The true fans will watch it and watch it again and again, seeking out the myriad of potential meanings, the nuances, the references to plot lines from episodes past and potential for future development. They will discuss and dissect on their forums and blogs, exchanging theories and guessing at what may be to come. They will probably enjoy this subsequent activity at least as much as watching the episode itself.

When an event is hyped it can be hard to ignore but we do have that choice. I have no interest in sport so, when the Olympics came to nearby London, I took no notice. I was happy to see friend’s delight as they obtained tickets to even the obscure events just to be a part of it all. They talked of a once in a lifetime opportunity, not to be missed. I chose to miss it because I had no interest; there were some who saw this as a flaw in me, they felt I should be supporting those who had worked so hard to get there.

I can understand the benefits from such events. It is like a huge party, a chance for sharing with strangers as well as friends. It is not obligatory to take part though. I would not wish to rain on anybody’s parade but sometimes I simply do not wish to attend. Those who have worked so hard to get there will have devoted a large chunk of their lives to doing so. I question how worthwhile that is, to devote so much time and effort to a transitory achievement. Of course I can see that it is an achievement. Going for that goal is their choice, just as it is the spectator’s choice to cheer them on, and mine to let it all pass me by.

My daughter went to the cinema with friends last night to watch The Day of the Doctor. It was an excuse for an enjoyable night out. As a family we chose to get involved in the build up, following the many interviews and trailers, watching several of the shows made specially, before the main episode aired. We enjoyed being a part of this. Having such fun is good, however insignificant an event may be in the grand scheme of things.

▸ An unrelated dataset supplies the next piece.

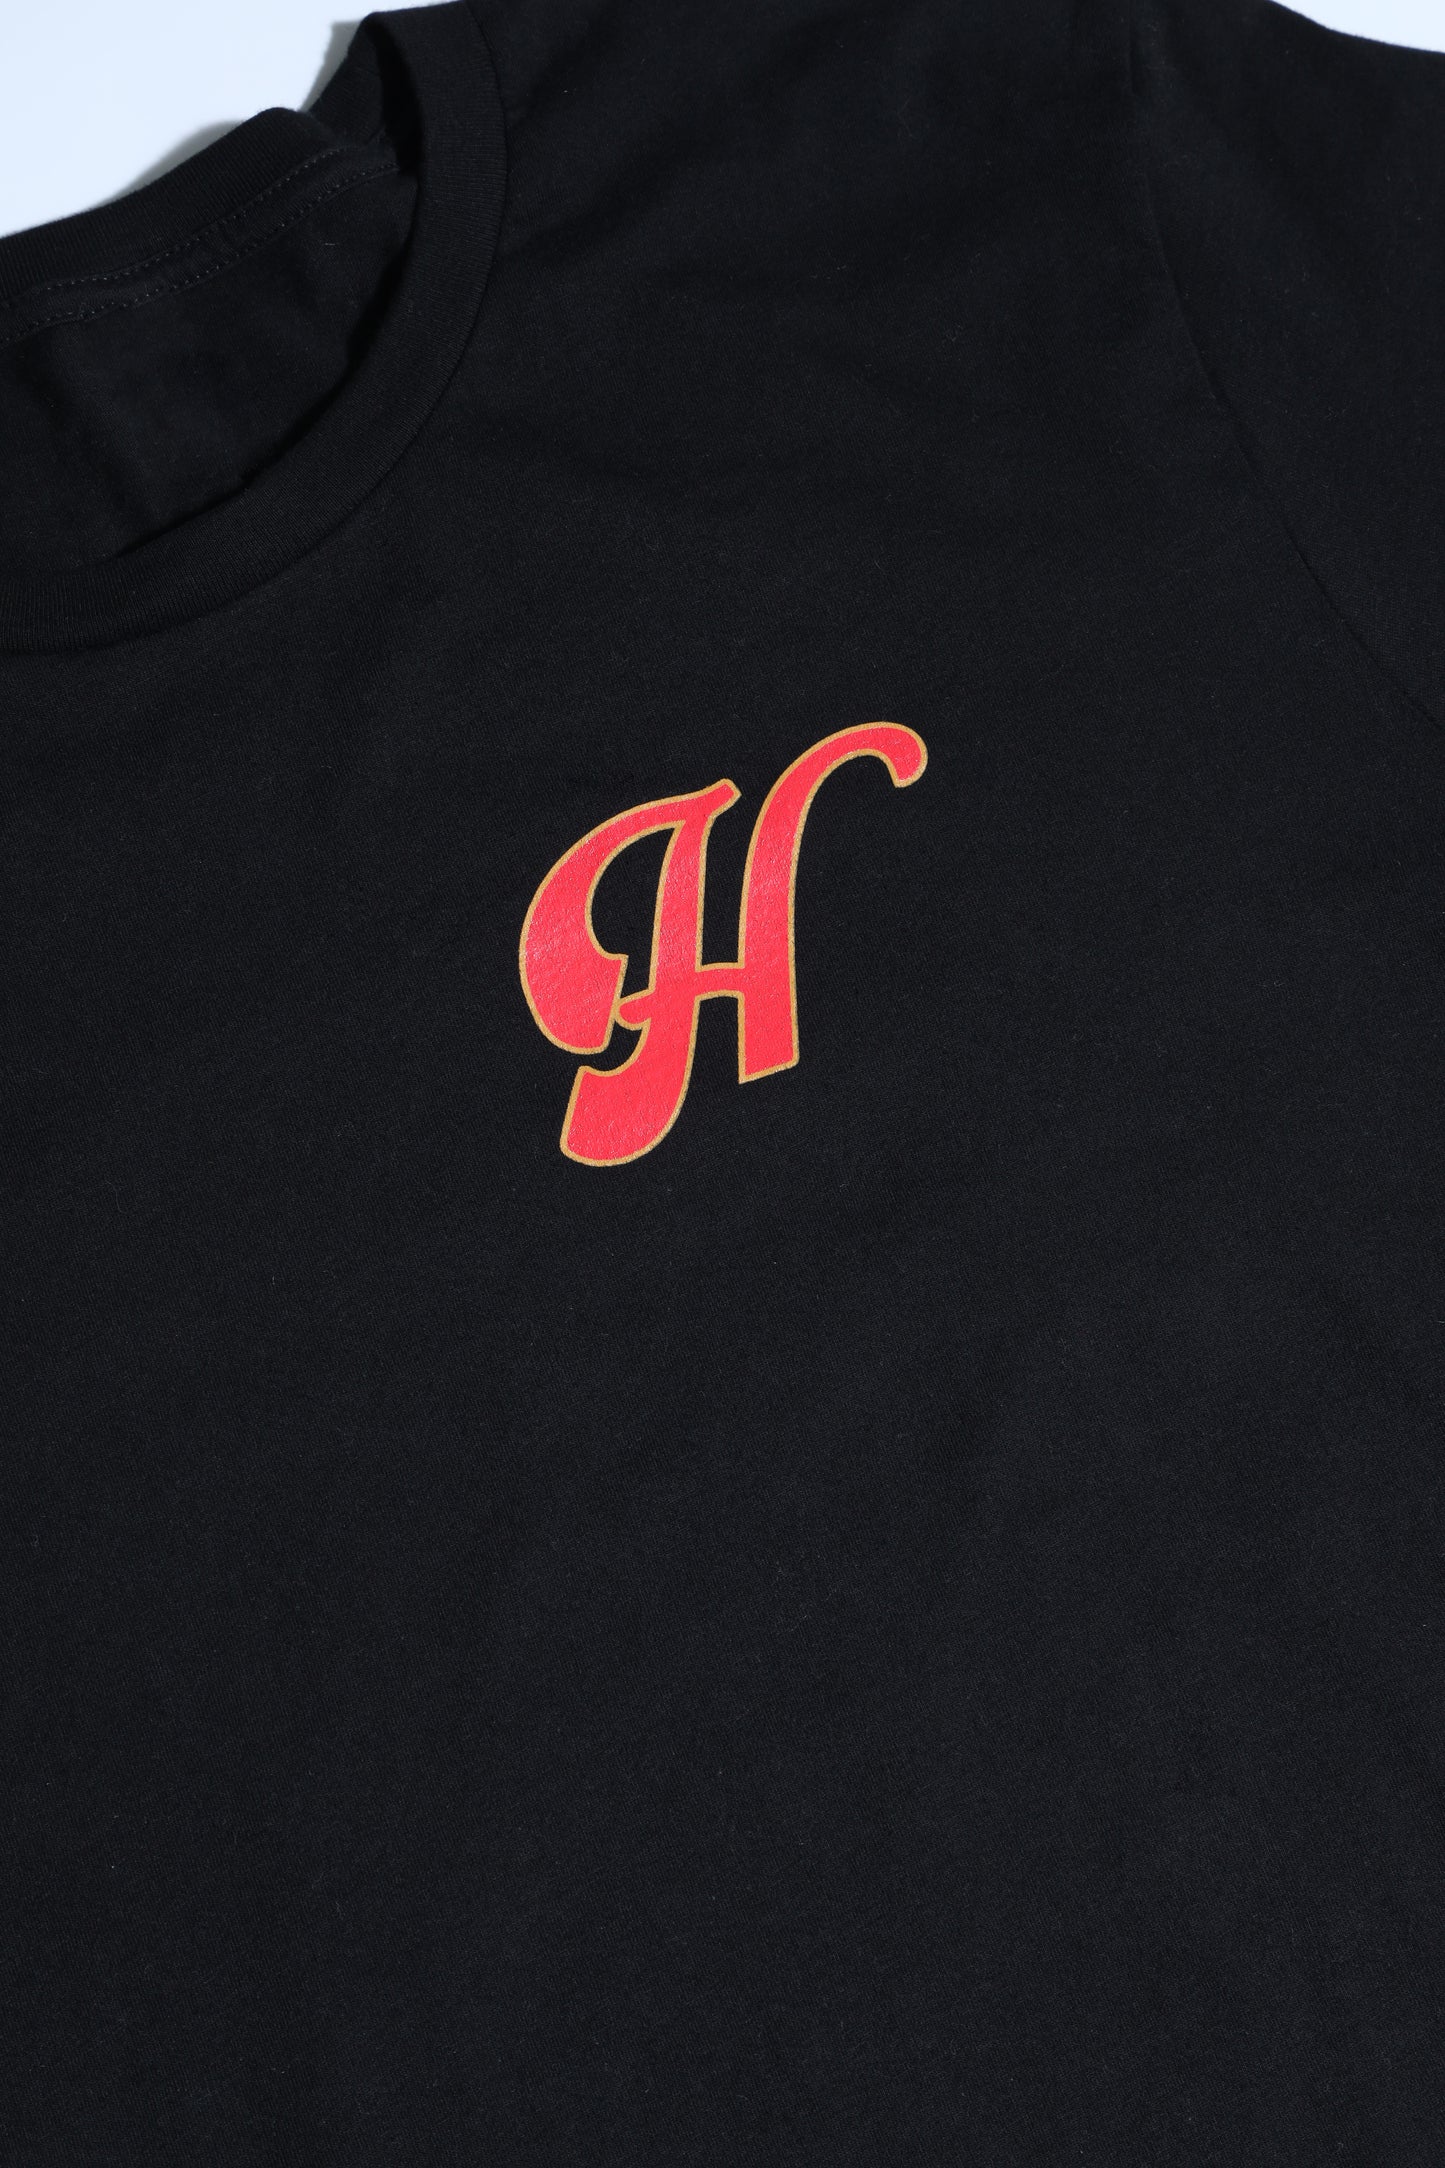 humo sol tshirt black H logo close up

We are each free to choose which parties we attend. I have no interest in royal weddings, anniversaries or babies. I have no interest in sport, televised competitions or reality shows. I wish the people involved no ill will, but do not wish to join in, even when their celebrations are hyped and prove popular.

When a TV show or a film franchise offers an excuse to create a virtual gathering then I may decide to join that. It is a little bit of light hearted distraction from the routine of life, nothing serious. Whether or not the episode or film itself is any good is almost irrelevant if the build up and taking part is enjoyed.

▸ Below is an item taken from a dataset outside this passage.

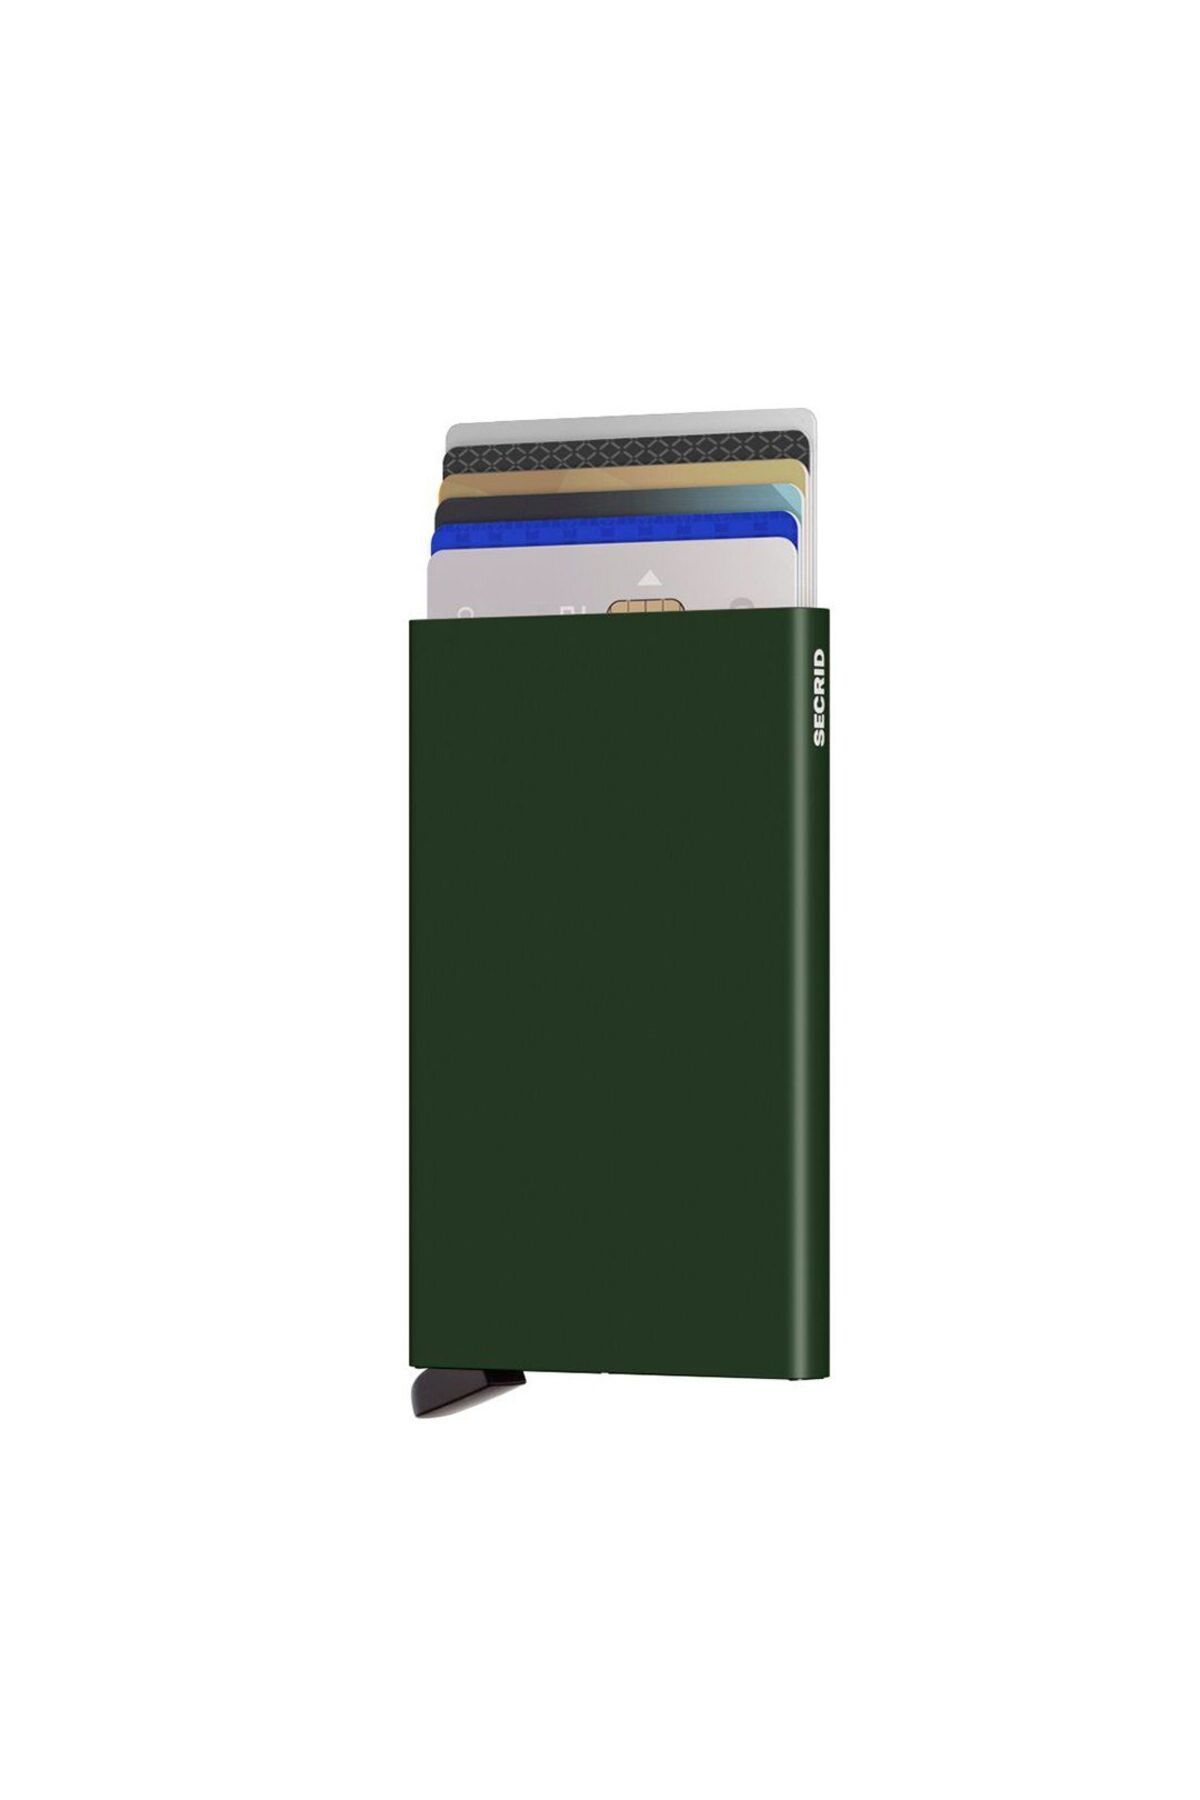 Secrid Card Protector Green - Yeşil %100 Orjinal Özel Cardprotector Alüminyum Kartlık

Events of substance can bring us down. The serious matters to be considered in the world around can exhaust and depress as they are so hard to influence and change. From time to time getting involved in something frivolous can be a good thing, but I will not take these things too seriously. I will not complain of disappointment if a much hyped event that I chose to take notice of does not deliver whatever it was that I expected.

I wonder what the next big thing will be and if it will capture my imagination and draw me in. It can be enjoyable to join in the excitement with those who are like minded. Fun, but not important, not obligatory.

I will not criticise this Doctor or that Doctor for not portraying the character as I may wish. The show works because each reincarnation is different, and each has it’s own loyal following. Some episodes may be stronger than others but the franchise remains popular, there are still plenty who enjoy it. Isn’t that what entertainment is all about?

To those who feel let down that Doctor Who is not as they would wish remember, you can choose not to pay attention.